◆ Material provided
:::::
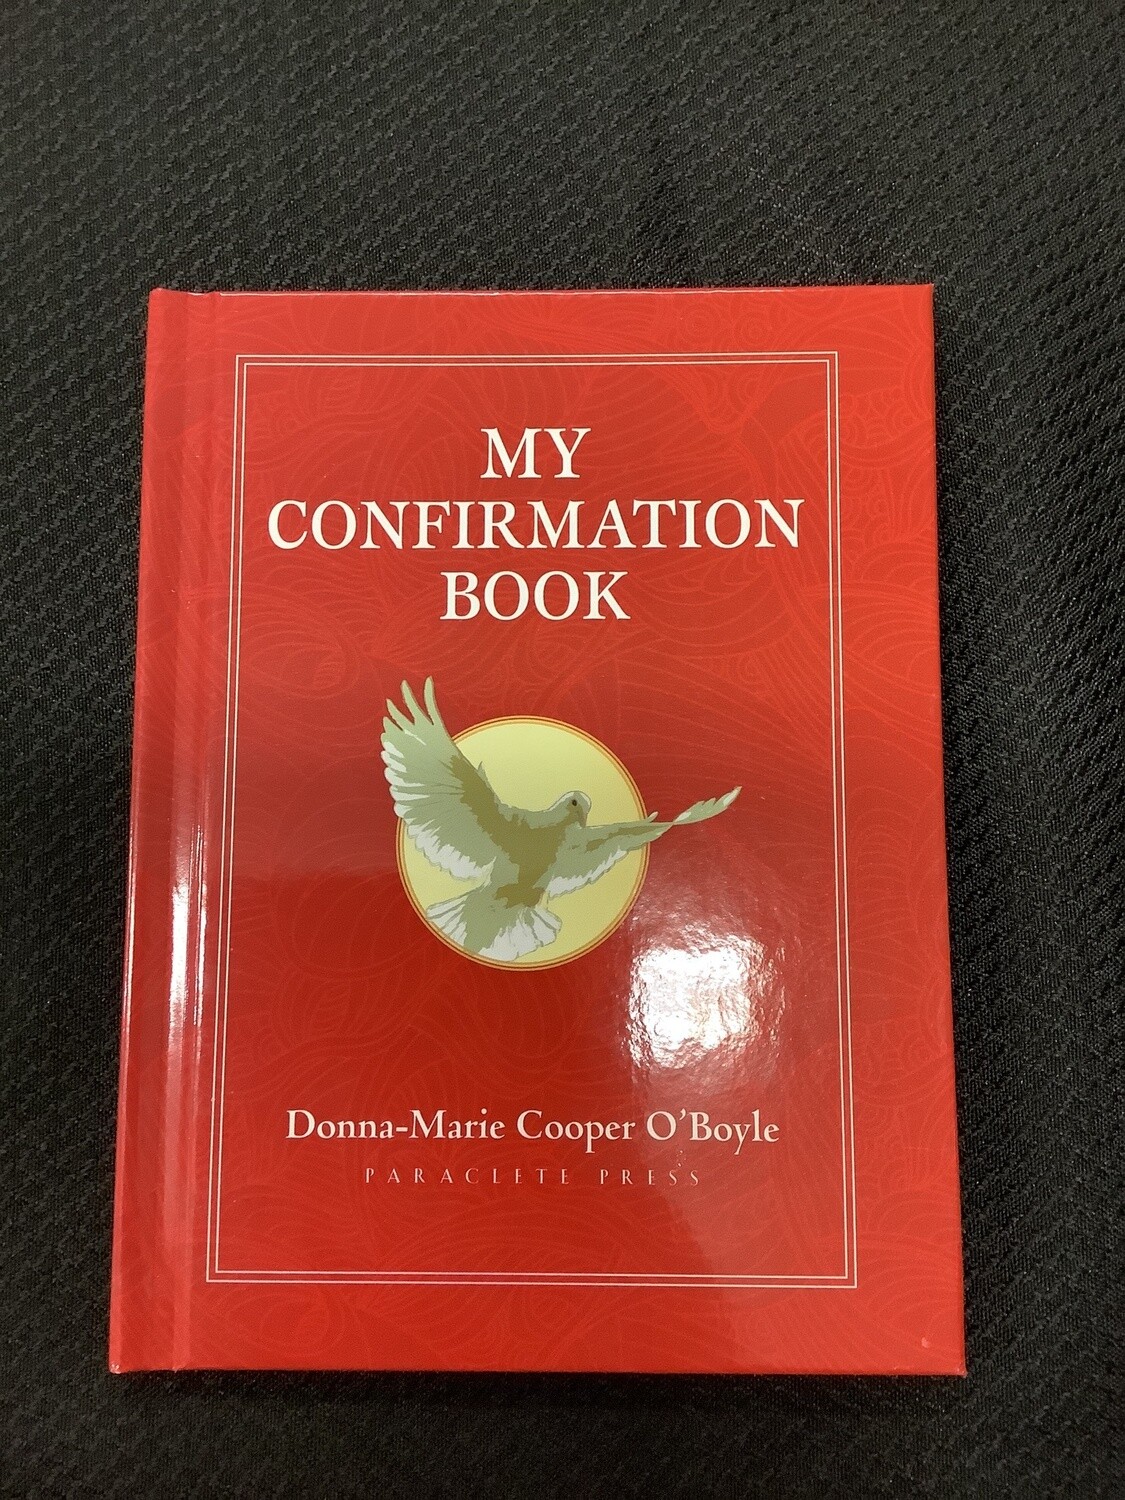 My Confirmation Book - Donna-Marie Cooper O’Boyle
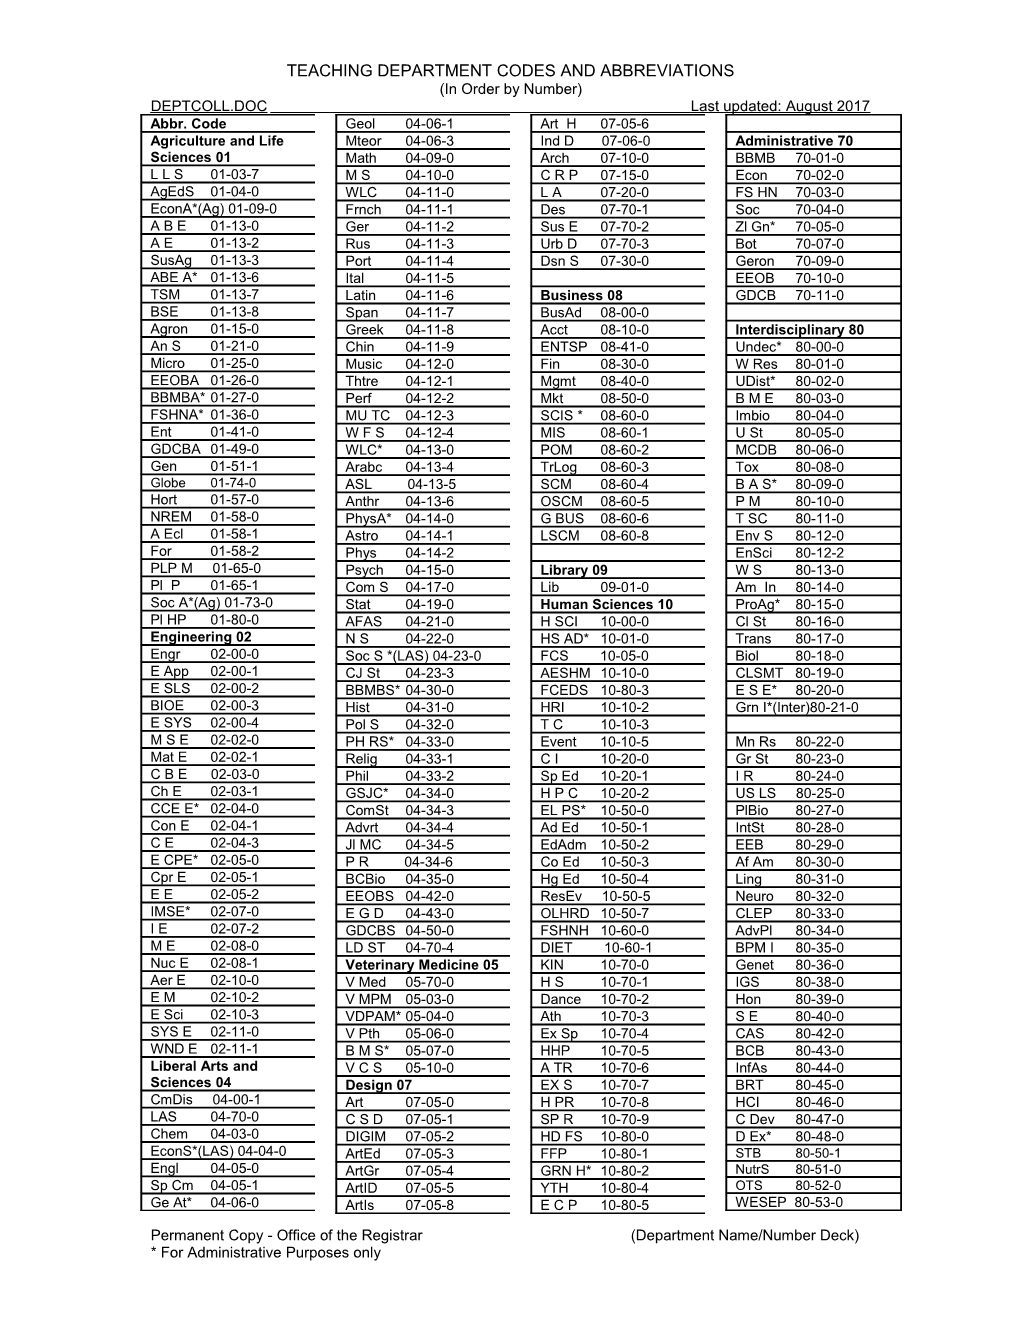 Teaching Department Codes and Abbreviations
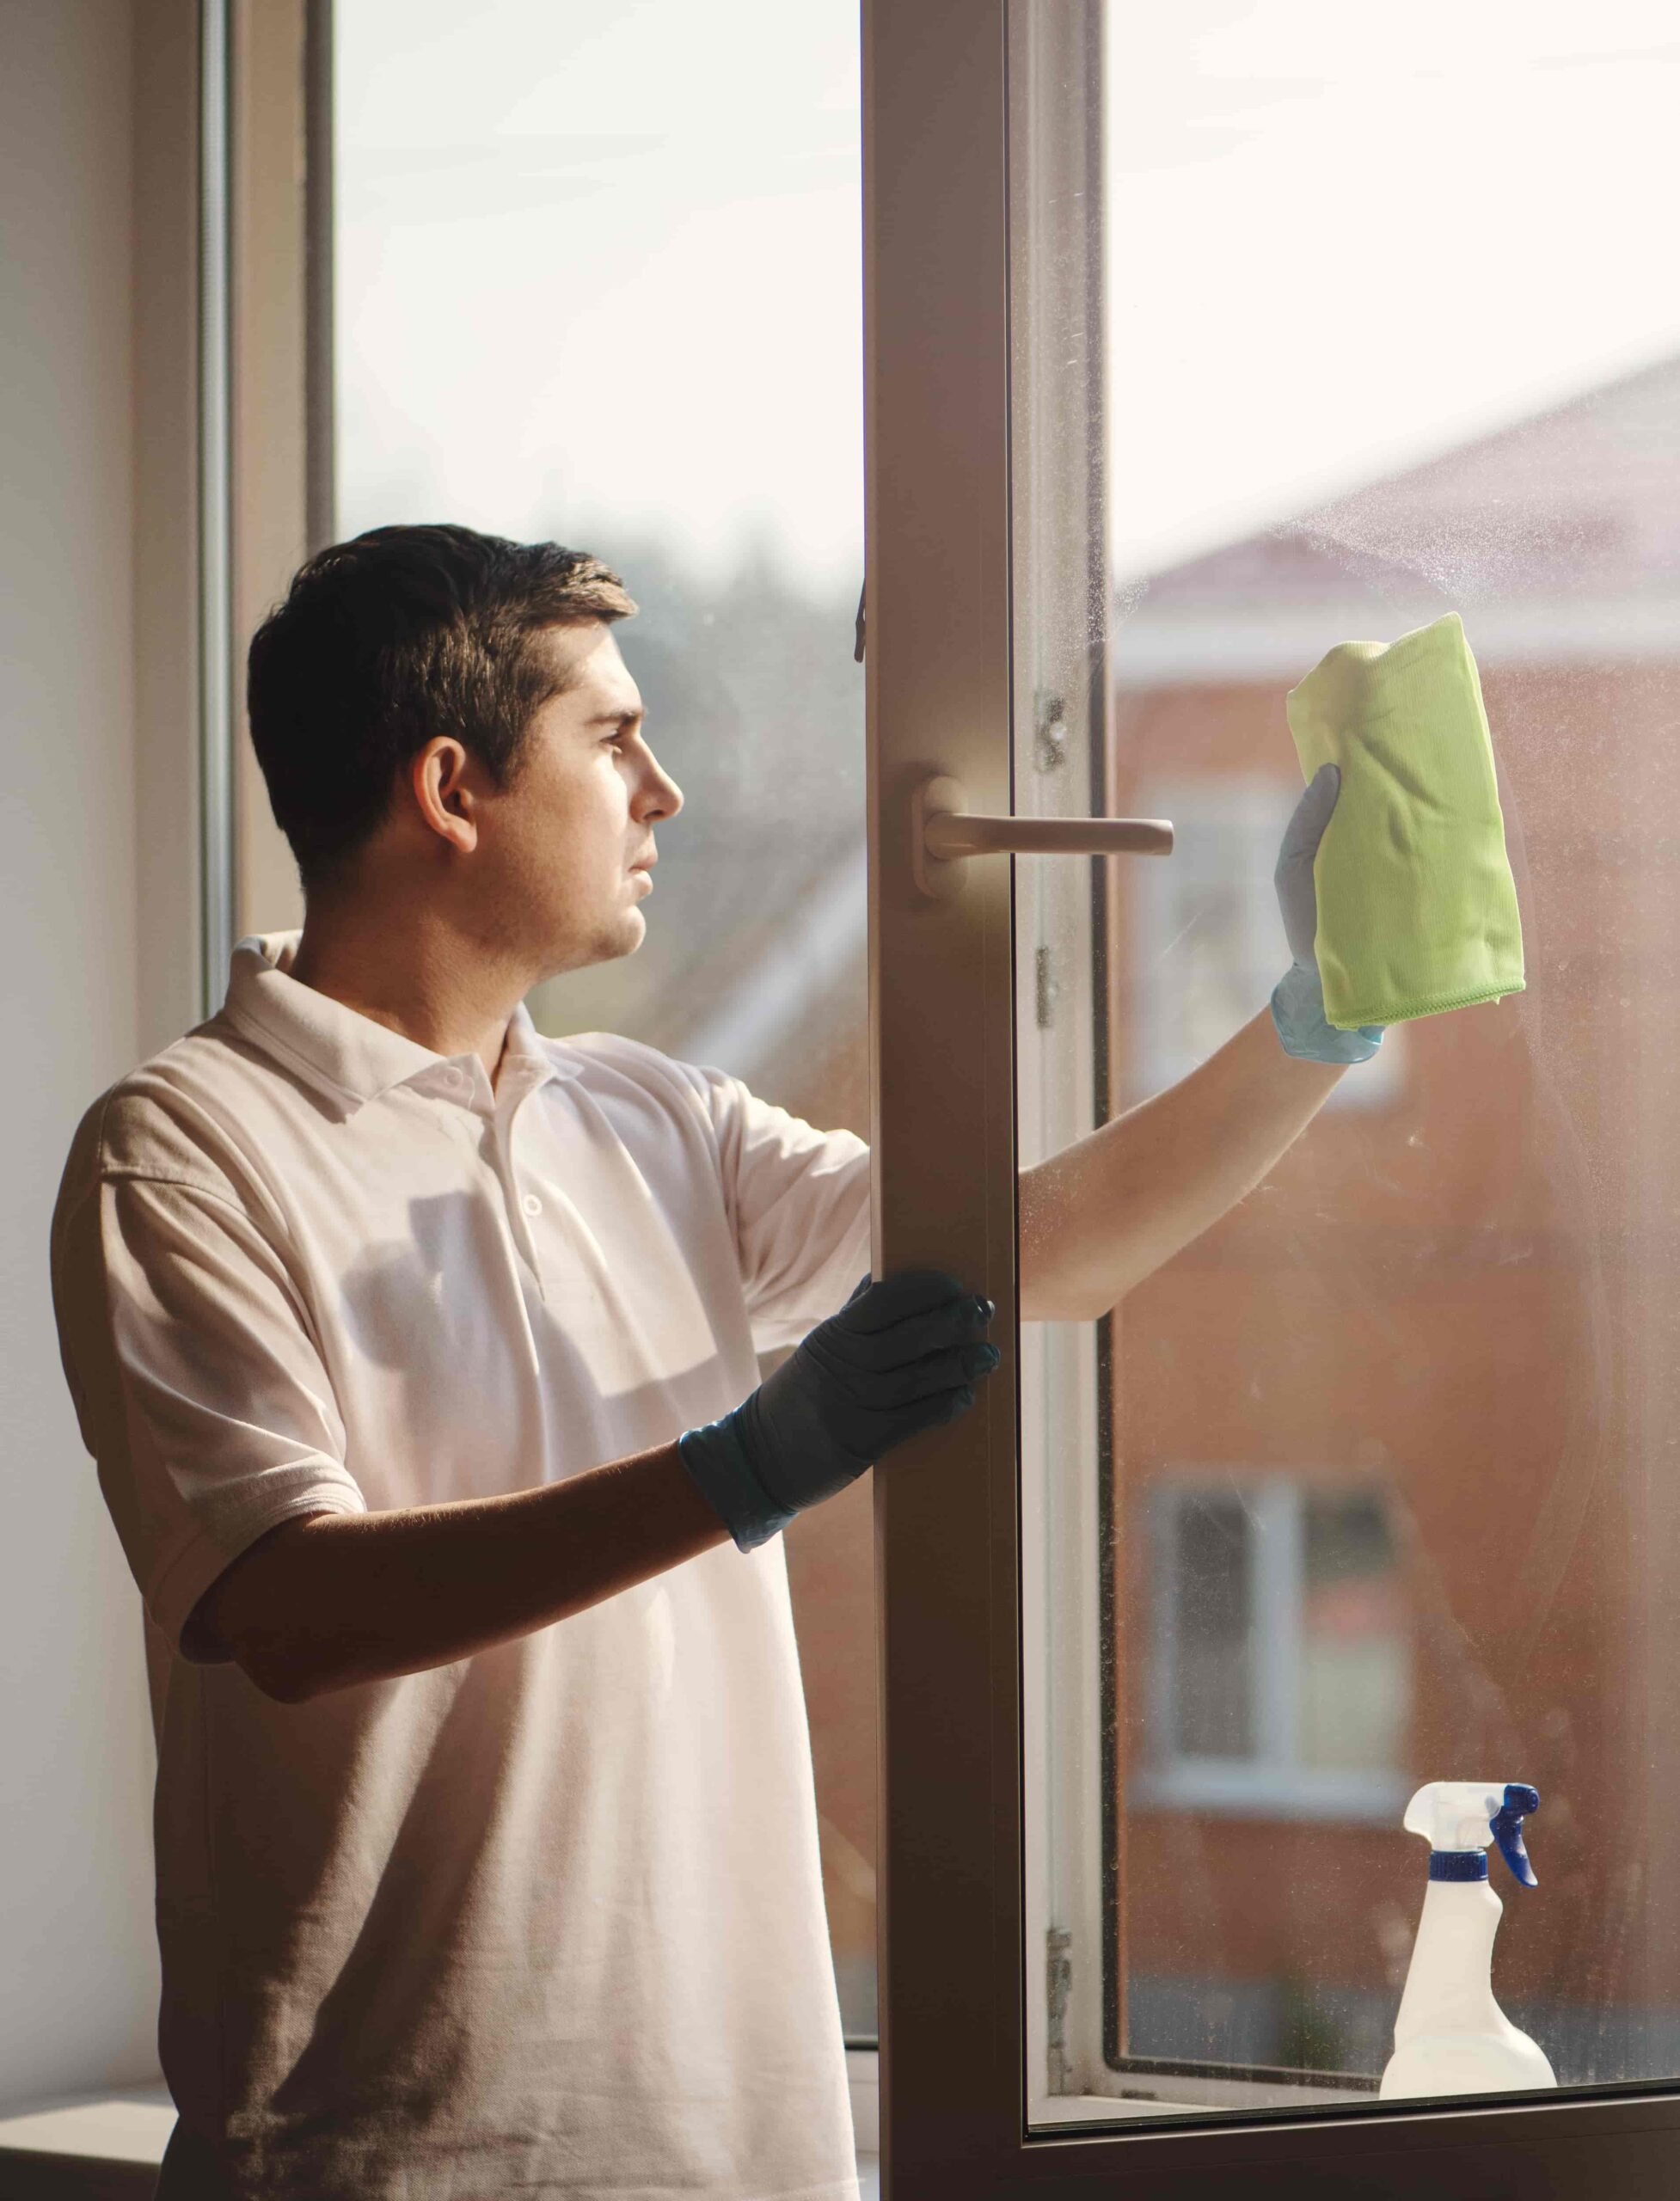 young-man-cleaning-the-window-at-home-2021-11-09-08-17-42-utc (1)
:::::
◆ Description of the task
Every line of the material is to be quoted exactly, with no pictures carried over.

◆ Task output
 My Confirmation Book - Donna-Marie Cooper O’Boyle
 Teaching Department Codes and Abbreviations
 young-man-cleaning-the-window-at-home-2021-11-09-08-17-42-utc (1)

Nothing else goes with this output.